The destruction is undermining the rich cultural heritage, history and sense of belonging of all communities in Iraq and Syria. My hon. Friend the Member for Gainsborough was right to remind the House, as he did in 2008—I spoke in that debate as the then Opposition spokesman—and on a number of occasions since, about the traumatic situation faced by Christians in their daily lives in the middle east. In both Iraq and Syria, the destruction of heritage is placing an even greater strain on social bonds, which were already stretched to breaking point. Looking forward to the day when there is stability again in both Syria and Iraq, one consequence of the destruction of cultural monuments is that the opportunities for cultural tourism will be much diminished, which will harm the efforts of both countries to rebuild their economies and give their people opportunities.
Hon. Members asked what the Government are doing to raise such concerns with countries in the region. I can tell the House that the Under-Secretary of State for Foreign and Commonwealth Affairs, my hon. Friend the Member for Bournemouth East (Mr Ellwood), who has responsibility for dealing with the middle east, has already raised those concerns during meetings in Egypt and the Gulf, and he is doing so during his visit to Baghdad today.
The Government are concerned that the smuggling of historic artefacts is being used by terrorist organisations, including ISIL, to raise revenue. ISIL is the most abhorrent, brutal terrorist organisation that the world has seen—certainly in modern times—and we have all been horrified by the abuses it has committed against the people of Syria, Iraq and the wider region. It is worth reminding ourselves, however, that although we rightly speak and think about the threat to ancient Christian communities, Yazidis and others, the majority of ISIL’s victims are Muslims. ISIL has as little respect for the lives and safety of Muslims as it does for the lives and safety of others.
ISIL’s licensing of the wholesale looting of archaeological sites by criminal gangs is a further example of its cynicism. Our assessment is that ISIL is generating the majority of its revenue from oil smuggling and extortion, rather than from the illicit trade in antiquities. However, it is clearly our responsibility to ensure that we use all possible measures to deny ISIL access to funds and to constrain it from executing its brutal campaign.
The Government have been active on the international stage to discourage and disrupt smuggling, including of antiquities. UN Security Council resolution 2170, which was adopted during the United Kingdom’s presidency of the Security Council last August, prohibits all trade that assists ISIL. A further Security Council resolution due to be adopted today will oblige states to take steps to prevent the trade in Iraqi and Syrian cultural property illegally removed from those countries. The second resolution demonstrates for the first time the international community’s resolve to suppress the financing of ISIL through the illegal trade in cultural artefacts. As a co-sponsor of the resolution, we have played a key role in ensuring that this source of terrorist funding was addressed by the Security Council. We continue to work with our partners in Europe and beyond to ensure the rapid and full implementation of both Security Council resolutions, and to impose sanctions on individuals involved in ISIL’s financing networks.

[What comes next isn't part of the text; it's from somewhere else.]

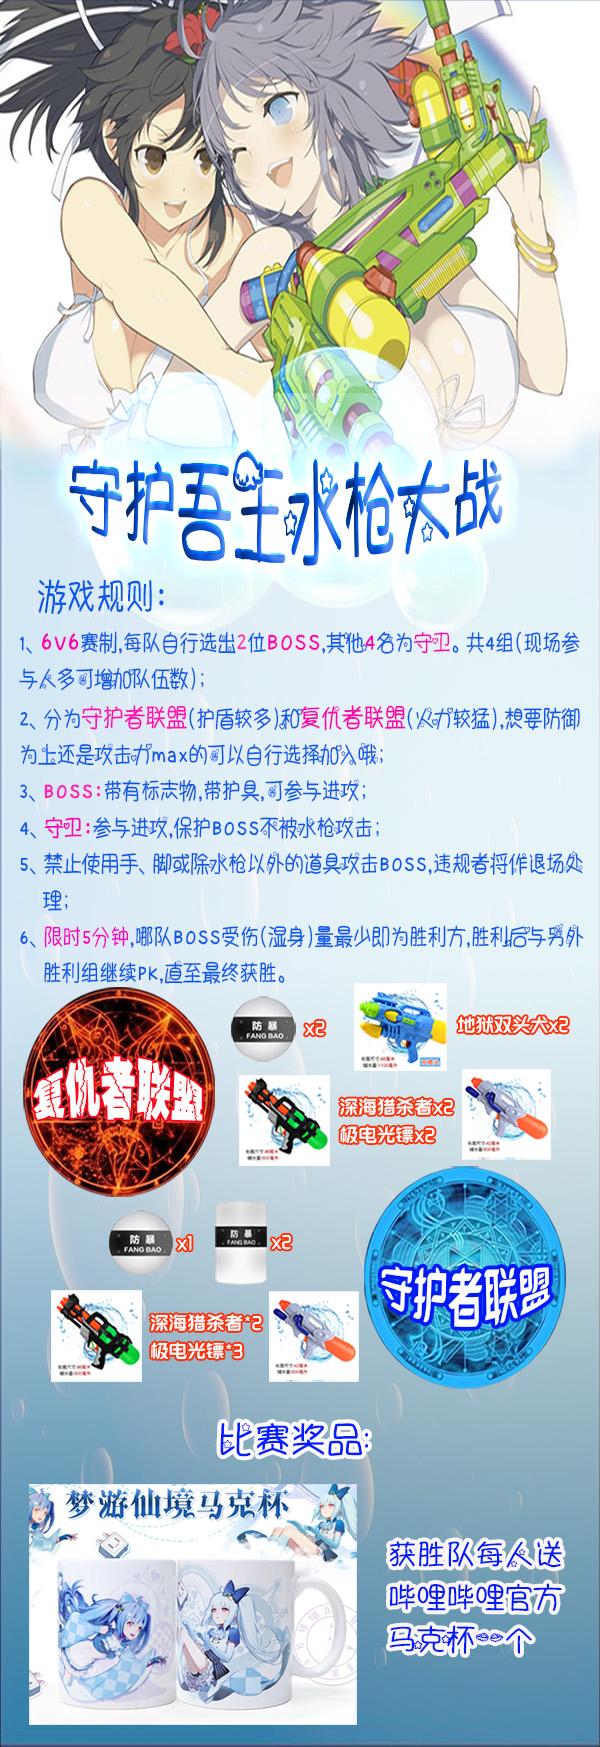 4 无限宅腐动漫嘉年华ZF15 携手波澜哥、柏凝、妖少火热登场!

We are engaging with our European partners to amend the EU Syria sanctions regime to put beyond doubt the principle that, under its terms, the trade in artefacts from Syria is illegal. We co-sponsored a resolution at the UN Human Rights Council last September, which highlighted and condemned the destruction of monuments, shrines, churches, mosques and other places of worship in Iraq, and encouraged the Government of Iraq to protect those sites.
Before I come on to the specific points made during the debate, I want to issue a word of caution. As my hon. Friend the Member for Newark acknowledged, we must be realistic about what the United Kingdom can do on the ground to protect historic and religious sites in Syria and Iraq. We do not have a diplomatic presence in Syria, and we have no dialogue with the Assad regime. We are, however, aware of the ongoing destruction in that country—notably by that regime itself—and such attacks, while wreaking appalling cultural damage, also have a terrible human cost.
We remain committed to degrading and defeating ISIL so that it no longer poses a threat to the UK, the people of Syria and Iraq, or to that region’s cultural heritage, but we must recognise that this will be a long-term campaign. The Government continue to push for an inclusive political transition in Syria that will see the end of the Assad regime, and we continue to support the Iraqi Government’s efforts to push back ISIL, recover Iraqi territory, and meet the needs and provide for the safety of all Iraq’s communities.
We are assisting refugees and displaced people throughout the region with the provision of more than £800 million of humanitarian relief. When it comes to spending priorities, I think we are right to give priority to that humanitarian catastrophe and the millions of refugees—people who have been displaced within Iraq and Syria and those who fled to neighbouring states—over other forms of relief. We will therefore continue to prioritise our efforts to end the conflict in Syria and Iraq so that peace and stability can be restored, and cultural and religious sites protected.
My hon. Friend the Member for East Worthing and Shoreham asked about the 1970 UNESCO convention on the means of prohibiting and preventing the illicit trade in cultural goods. That is generally accepted as the key point of reference for an ethical approach by museums to their acquisitions, leading to greater checking of the origin and provenance of items. The UK is party to that convention, and we supported the 1970 threshold as far back as 2000. As my hon. Friend knows, the Museums Association code of ethics published in 2002 includes that 1970 threshold, and we are open to trying to persuade other countries that have not yet signed up to that convention to do so.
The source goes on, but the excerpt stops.